Dia melihat jam dinding. Masih jam tujuh malam. Masih ada waktu buat belanja kebutuhan besok.
"Belum pulang?" Alex muncul tanpa Tiar duga. Tiar menoleh sambil menggelengkan kepala.
"Apa yang pending?" Tanyanya lagi. "Maksud saya, masih ada yang belum selesai?" Dia mengulangi pertanyaannya karena tidak ada jawaban darinya.
"Sudah kok." Kata Tiar sambil mengangguk mantap kemudian dia meng-shutdown komputernya.
"Pulang yuk." Tiar melongo setengah detik pertama mendengar ucapannya. Tetapi dia segera mengendalikan dirinya agar tetap waras. Tidak, dia tidak boleh menoleransi hatinya lagi.
"Duluan aja." Sekali lagi, dia tidak boleh jatuh dalam keresahan tak berujung.

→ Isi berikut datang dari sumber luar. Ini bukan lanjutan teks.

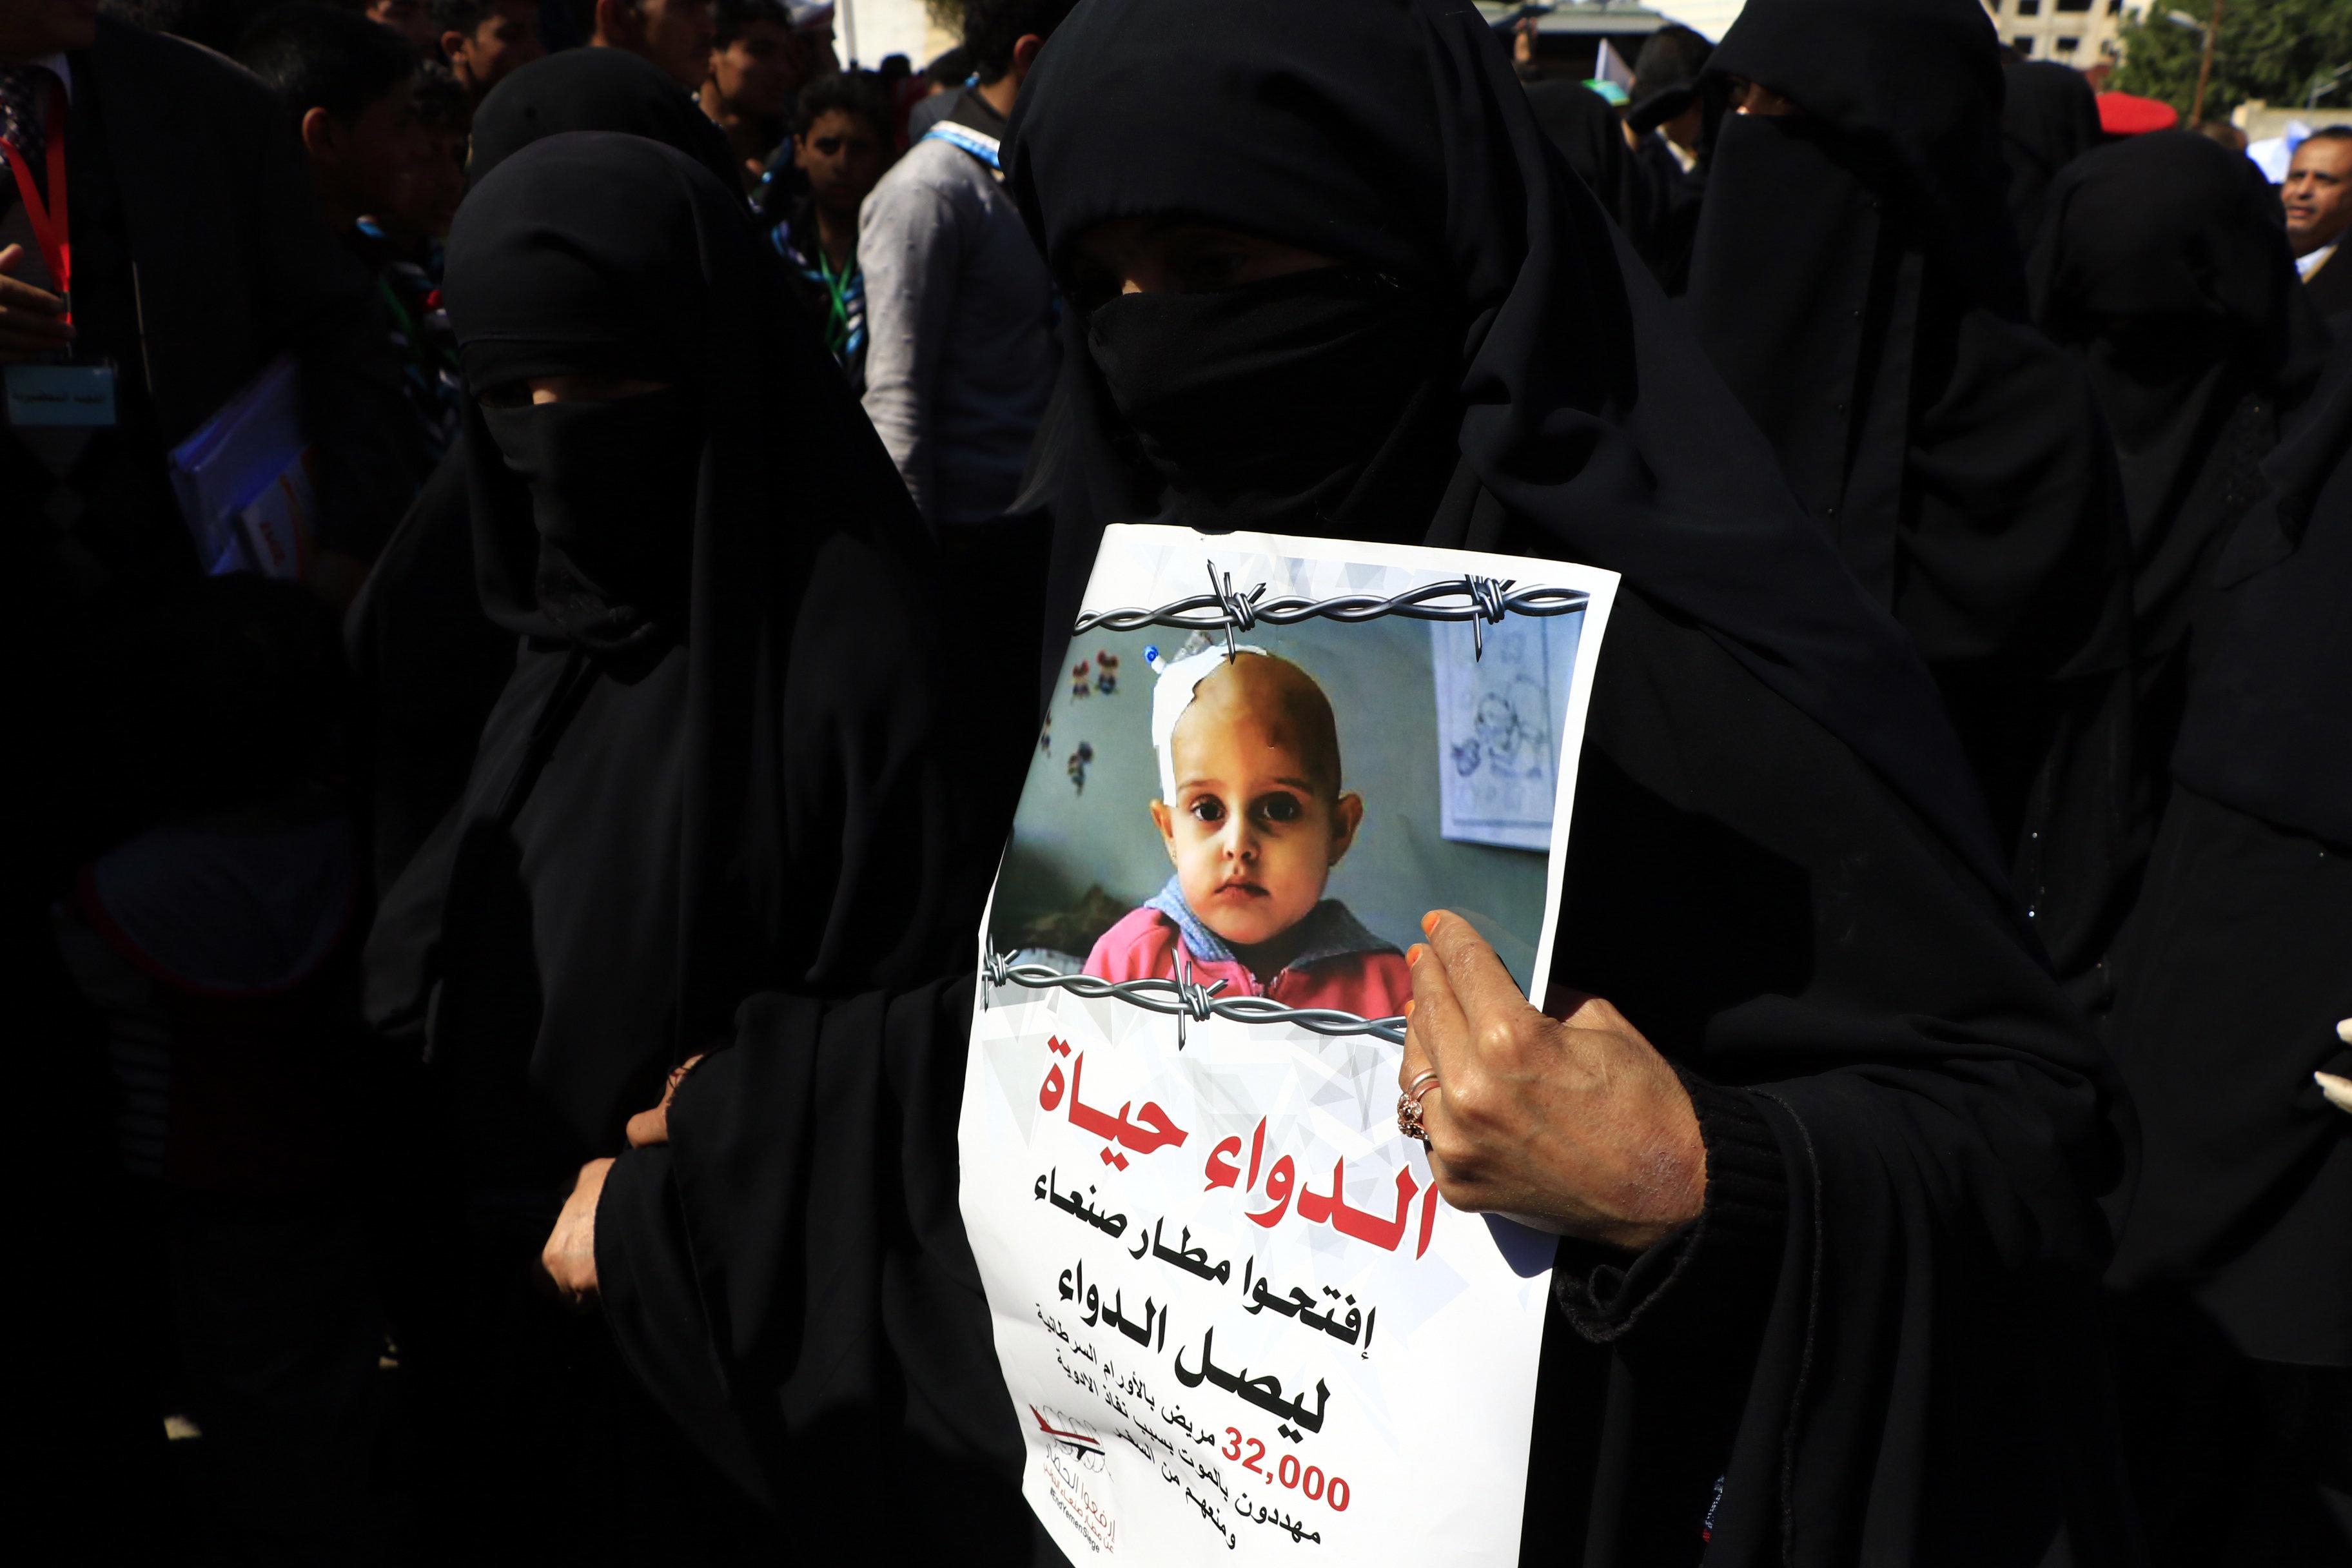 5 δισεκ. δολάρια για την αποστολή ανθρωπιστικής βοήθειας Υεμένη αναζητά ο

"Bareng aja, emang ada yang jemput?" Alex tidak menyerah. Tetapi entah kenapa Tiar menggeleng.
"Terus?"
"Nabrak." Jawab Tiar enteng sambil memencet - mencet hp yang tidak ada notifikasi apapun. Dia melihat Alex tersenyum."Saya mau ke supermarket dulu. Kamu duluan aja deh." Usirnya halus. Melihat tidak ada tanda - tanda Alex akan pergi, Tiar berdiri dan berjalan mendahuluinya.
"Aku juga mau beli beberapa perlengkapan buat besok. Yuk." Katanya sambil mengejar Tiar. Bos satu ini emang bener - bener ya? Padahal seharian udah di pepet sama sekretarisnya yang kurang kerjaan itu.Tiar tidak bisa mengelak lagi ketika mereka sampai di tempat parkir. Karena tinggal mereka berdua dan satpam yang ada di sana. Dan dia tidak akan berhenti ceramah kalau Tiar bilang mau di antar satpam. Mustahil.
"Mau belanja kemana?" Tanyanya lagi saat kami sudah di dalam mobil.
"Terserah deh. Yang penting komplit. Males kalau harus keluar masuk toko."
"Hypermart aja kalau gitu."
"He em." Tiar mengiyakan sambil mengangguk.
"Lex, nggak punya air minum ya?" Tenggorokan Tiar kering, dia sampai mengipas - ngipas leher yang terasa panas.
"Ada kok. Nih." Alex menyodorkan air mineral yang belum di buka segelnya untuk Tiar.Setelah keluar dari rumah sakit itu hubungan mereka bisa di bilang lebih seperti teman daripada sebelumnya. Tetapi masih ada pemisah yang membuat Tiar menjaga jarak dari Alex. Karena dia bos kami. Kenyataannya, seakrab apapun, Tiar tidak bisa rilex.
Tiar membuka minuman yang di berikan Alex dan meminumnya. Hampir setengah botol air mineral 600ml habis ditenggak.
"Kamu habis marathon darimana?" Tanyanya takjub melihat nafsu minum gadis di sebelahnya."Marathon buat laporan."
Benerkan? Gue belain lembur terus lho.
"Sampai dehidrasi gitu." Heeee Tiar hanya meringis mendengar nyinyiran dia.
***
"Mau beli apa?" Tiar bertanya kepada Alex karena dia hanya berputar mengikutinya. Dia tersenyum dan menggelengkan kepala. "Kok geleng - geleng? Buat besok udah di siapin belum?" Alex malah mengernyitkan alisnya sambil menatap bingung.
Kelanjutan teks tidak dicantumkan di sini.